AtroPen Dosage

Generic name: atropine sulfate
Dosage form: Auto-Injector

This dosage information does not include all the information needed to use AtroPen safely and effectively. See full prescribing information for AtroPen.

The information at Drugs.com is not a substitute for medical advice. ALWAYS consult your doctor or pharmacist.

CAUTION! PRIMARY PROTECTION AGAINST EXPOSURE TO CHEMICAL NERVE AGENT AND INSECTICIDE POISONING IS THE WEARING OF PROTECTIVE GARMENTS INCLUDING MASKS, DESIGNED SPECIFICALLY FOR THIS USE.

INDIVIDUALS SHOULD NOT RELY SOLELY UPON THE AVAILABILITY OF ANTIDOTES SUCH AS ATROPINE AND PRALIDOXIME TO PROVIDE COMPLETE PROTECTION FROM CHEMICAL NERVE AGENT AND INSECTICIDE POISONING.

Immediate evacuation from the contaminated environment is essential. Decontamination of the poisoned individual should occur as soon as possible.

The AtroPen® Auto-Injector is indicated for the treatment of poisoning by susceptible organophosphorous nerve agents having cholinesterase activity as well as organophosphorous or carbamate insecticides. The AtroPen®Auto-Injector should be used by persons who have had adequate training in the recognition and treatment of nerve agent or insecticide intoxication. Pralidoxime chloride may serve as an important adjunct to atropine therapy.

The AtroPen®is intended as an initial treatment of the muscarinic symptoms of insecticide or nerve agent poisonings (generally breathing difficulties due to increased secretions); definitive medical care should be sought immediately. The AtroPen® Auto-Injector should be administered as soon as symptoms of organophosphorous or carbamate poisoning appear (usually tearing, excessive oral secretions, wheezing, muscle fasciculations, etc.) In moderate to severe poisoning, the administration of more than one AtroPen® may be required until atropinization is achieved (flushing, mydriasis, tachycardia, dryness of the mouth and nose). In severe poisonings, it may also be desirable to concurrently administer an anticonvulsant if seizure is suspected in the unconscious individual since the classic tonic-clonic jerking may not be apparent due to the effects of the poison. In poisonings due to organophosphorous nerve agents and insecticides, it may also be helpful to concurrently administer a cholinesterase reactivator such as pralidoxime chloride.
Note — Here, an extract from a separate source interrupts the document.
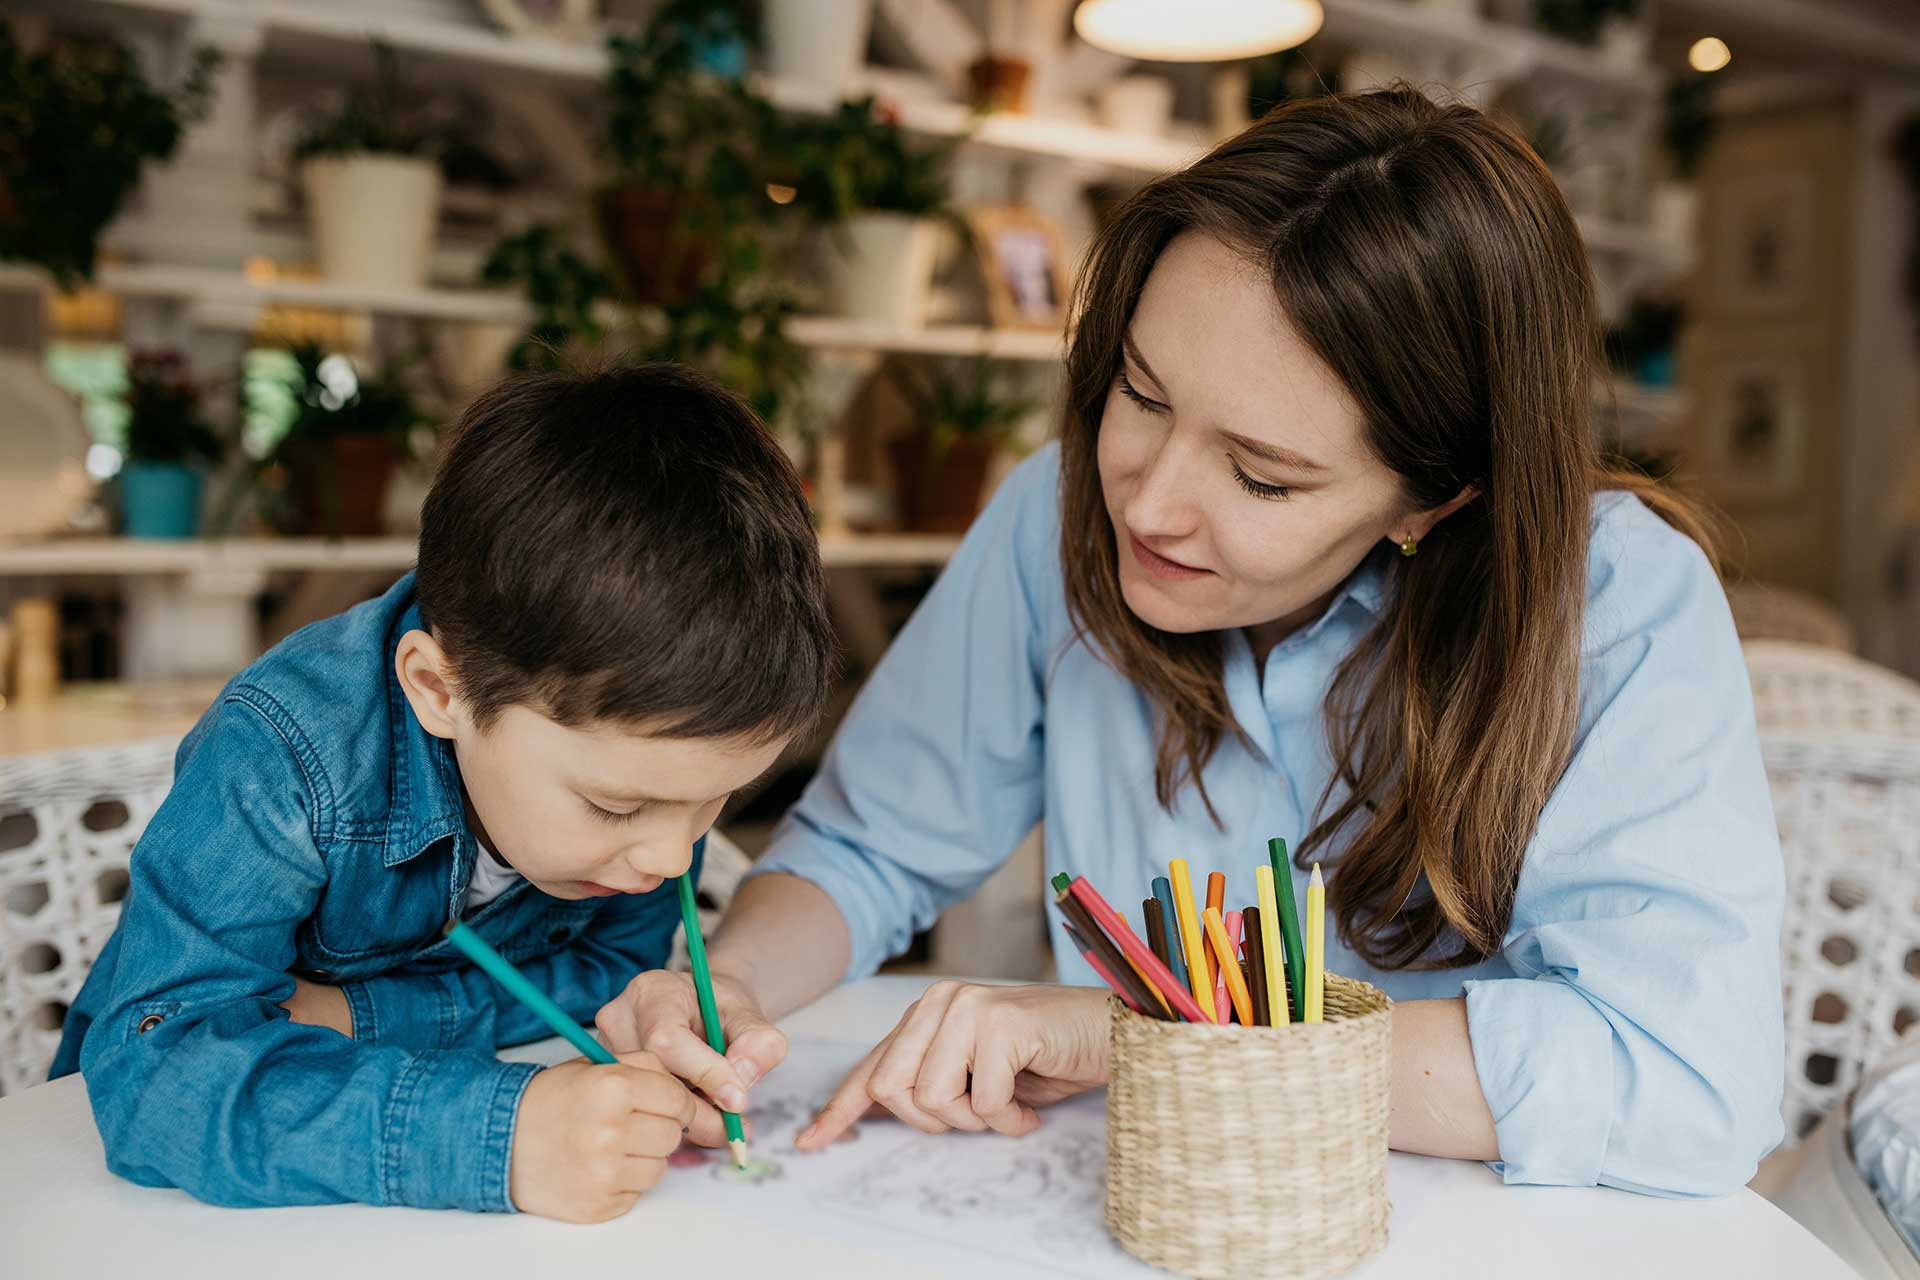 Maintaining-parental-authority

It is recommended that three (3) AtroPen® Auto-Injectors be available for use in each person at risk for nerve agent or organophosphate insecticide poisoning; one (1) for mild symptoms plus two (2) more for severe symptoms as described below. No more than three (3) AtroPen® injections should be used unless the patient is under the supervision of a trained medical provider. Different dose strengths of the AtroPen® are available depending on the recipient's age and weight.

  • Adults and children weighing over 90 lbs (41 kg)
    (generally over 10 years of age)
AtroPen® 2 mg (green)
  • Children weighing 40 lbs to 90 lbs (18 to 41 kg)
    (generally 4 to 10 years of age)
AtroPen® 1 mg (dark red)
  • Children weighing 15 lbs to 40 lbs (7 to 18 kg)
    (generally 6 months to 4 years of age)
AtroPen® 0.5 mg (blue)
  • Infants weighing less than 15 lbs (7 kg)
    (generally less than 6 months of age)
AtroPen® 0.25 mg (yellow)

Treatment of MILD SYMPTOMS:

One (1) AtroPen® is recommended if two or more MILD symptoms of nerve agent (nerve gas) or insecticide exposure appear in situations where exposure is known or suspected.
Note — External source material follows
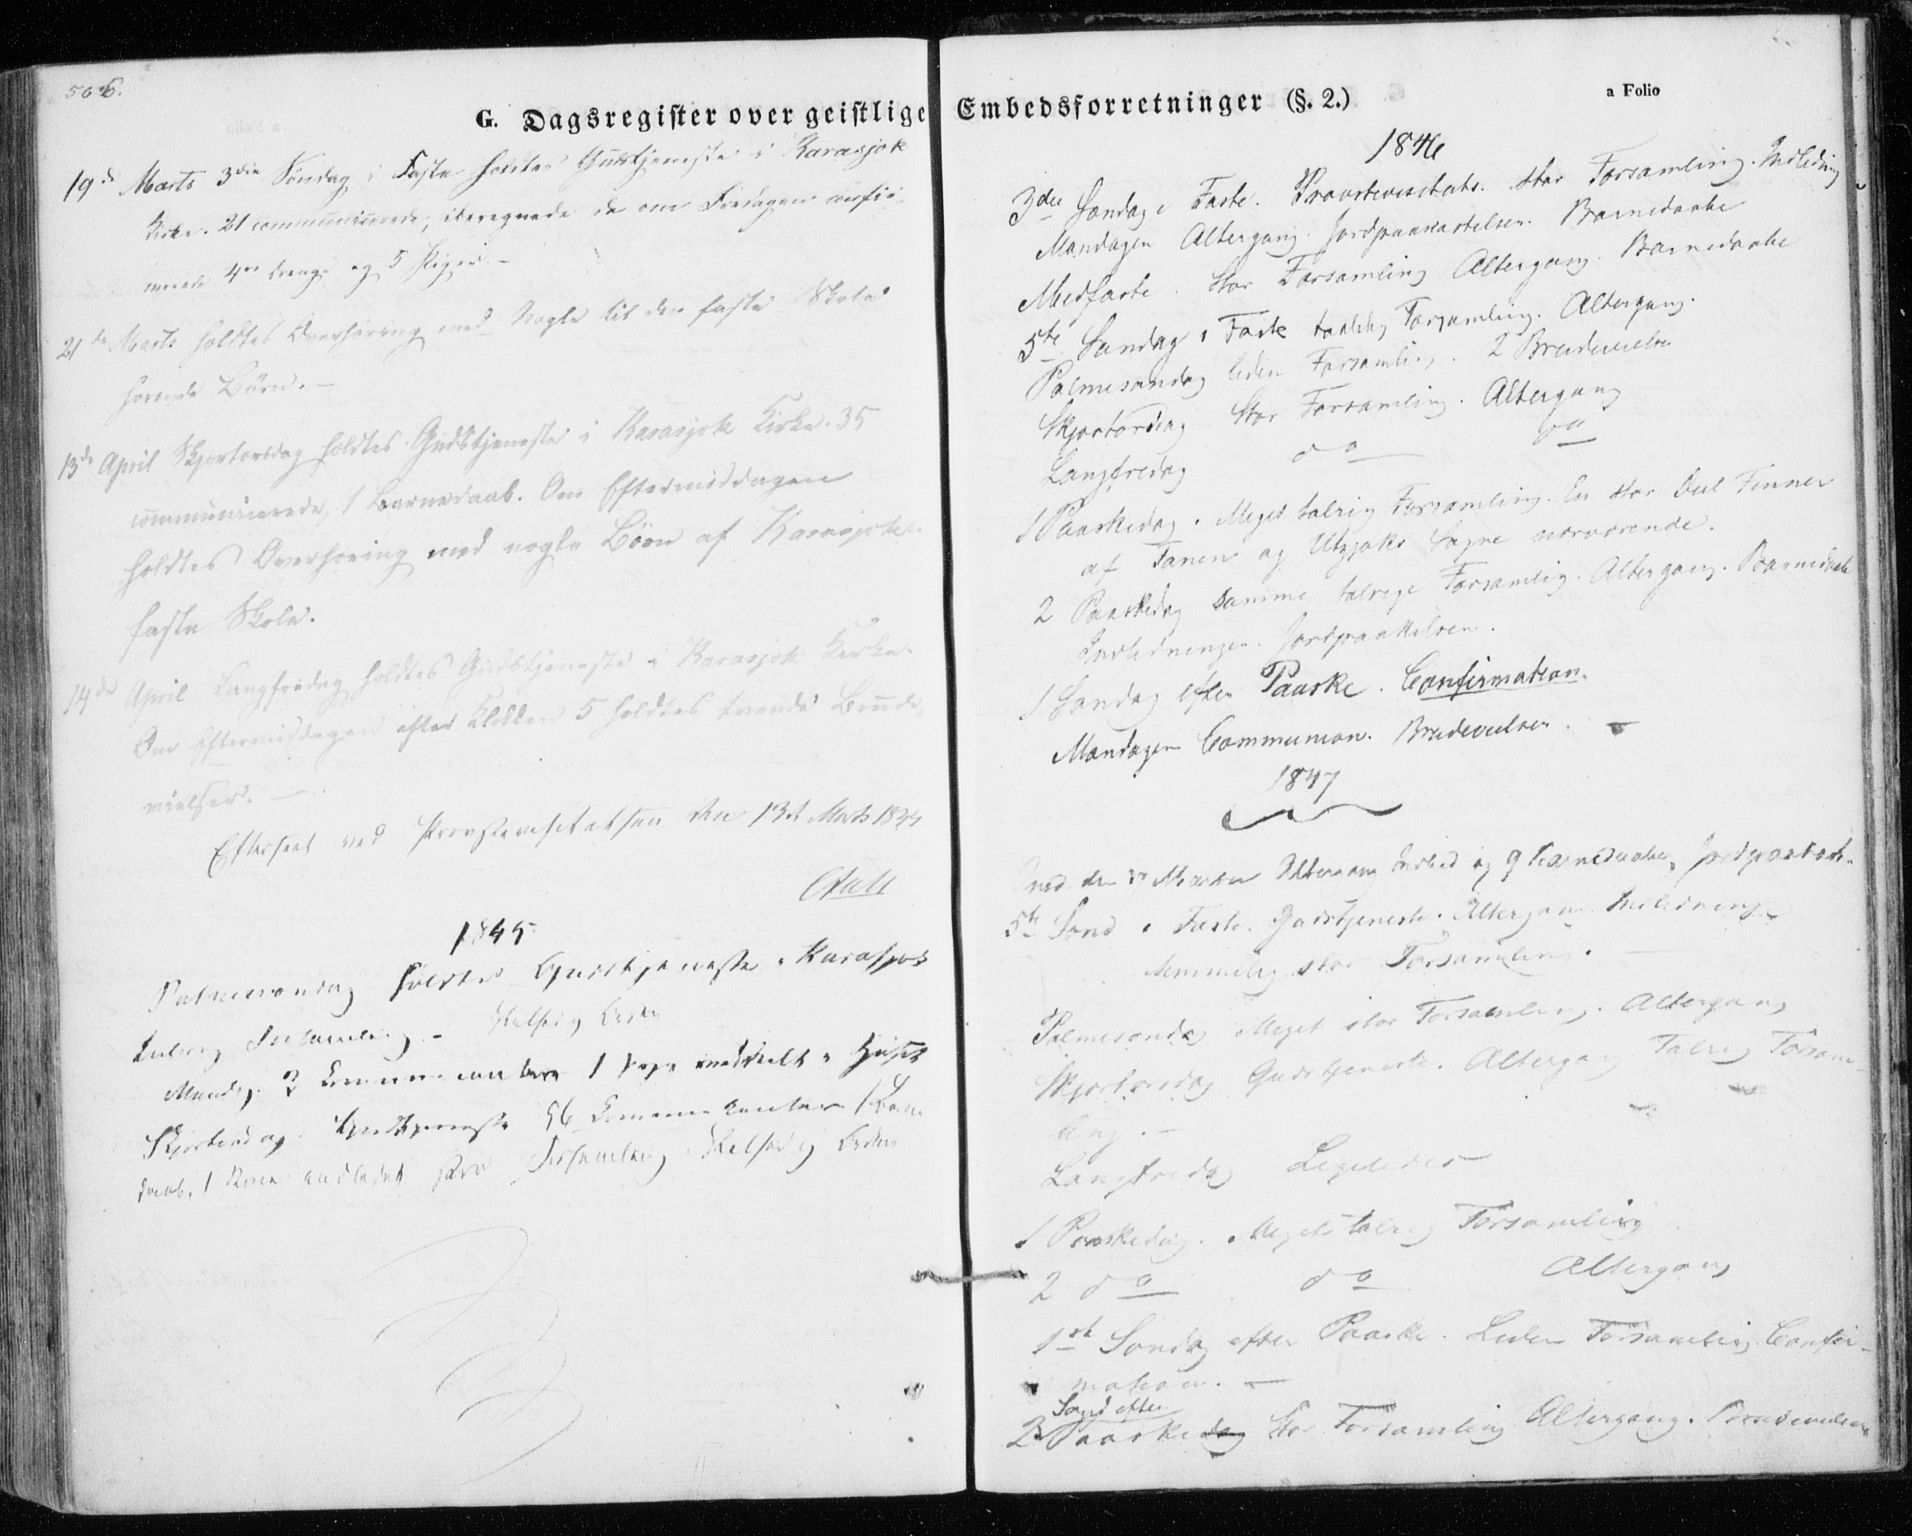 SATØ, Kistrand/Porsanger sokneprestembete, H/Ha/L0012.kirke: Ministerialbok nr. 12, 1843-1871, s. 566-567

Two (2) additional AtroPen® injections given in rapid succession are recommended 10 minutes after receiving the first AtroPen® injection if the victim has any of the SEVERE symptoms listed below. If possible, a person other than the victim should administer the second and third AtroPen® injections.
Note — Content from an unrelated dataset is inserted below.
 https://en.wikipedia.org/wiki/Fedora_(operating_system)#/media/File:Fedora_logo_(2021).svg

Treatment of SEVERE SYMPTOMS:

If a victim is encountered who is either unconscious or has any of the SEVERE symptoms listed below, immediately administer three (3) AtroPen® injections into the victim's mid-lateral thigh in rapid succession using the appropriate weight-based AtroPen® dose.

Symptoms in infants and young children

* These symptoms are sometimes observed in healthy infants and young children. In this age group, these symptoms are less reliable than other symptoms listed. Symptoms must be considered collectively when nerve agent or pesticide exposure is known or suspected.

** Infants may become drowsy or unconscious, with muscle floppiness rather than muscle twitching, soon after exposure to nerve agents or pesticides.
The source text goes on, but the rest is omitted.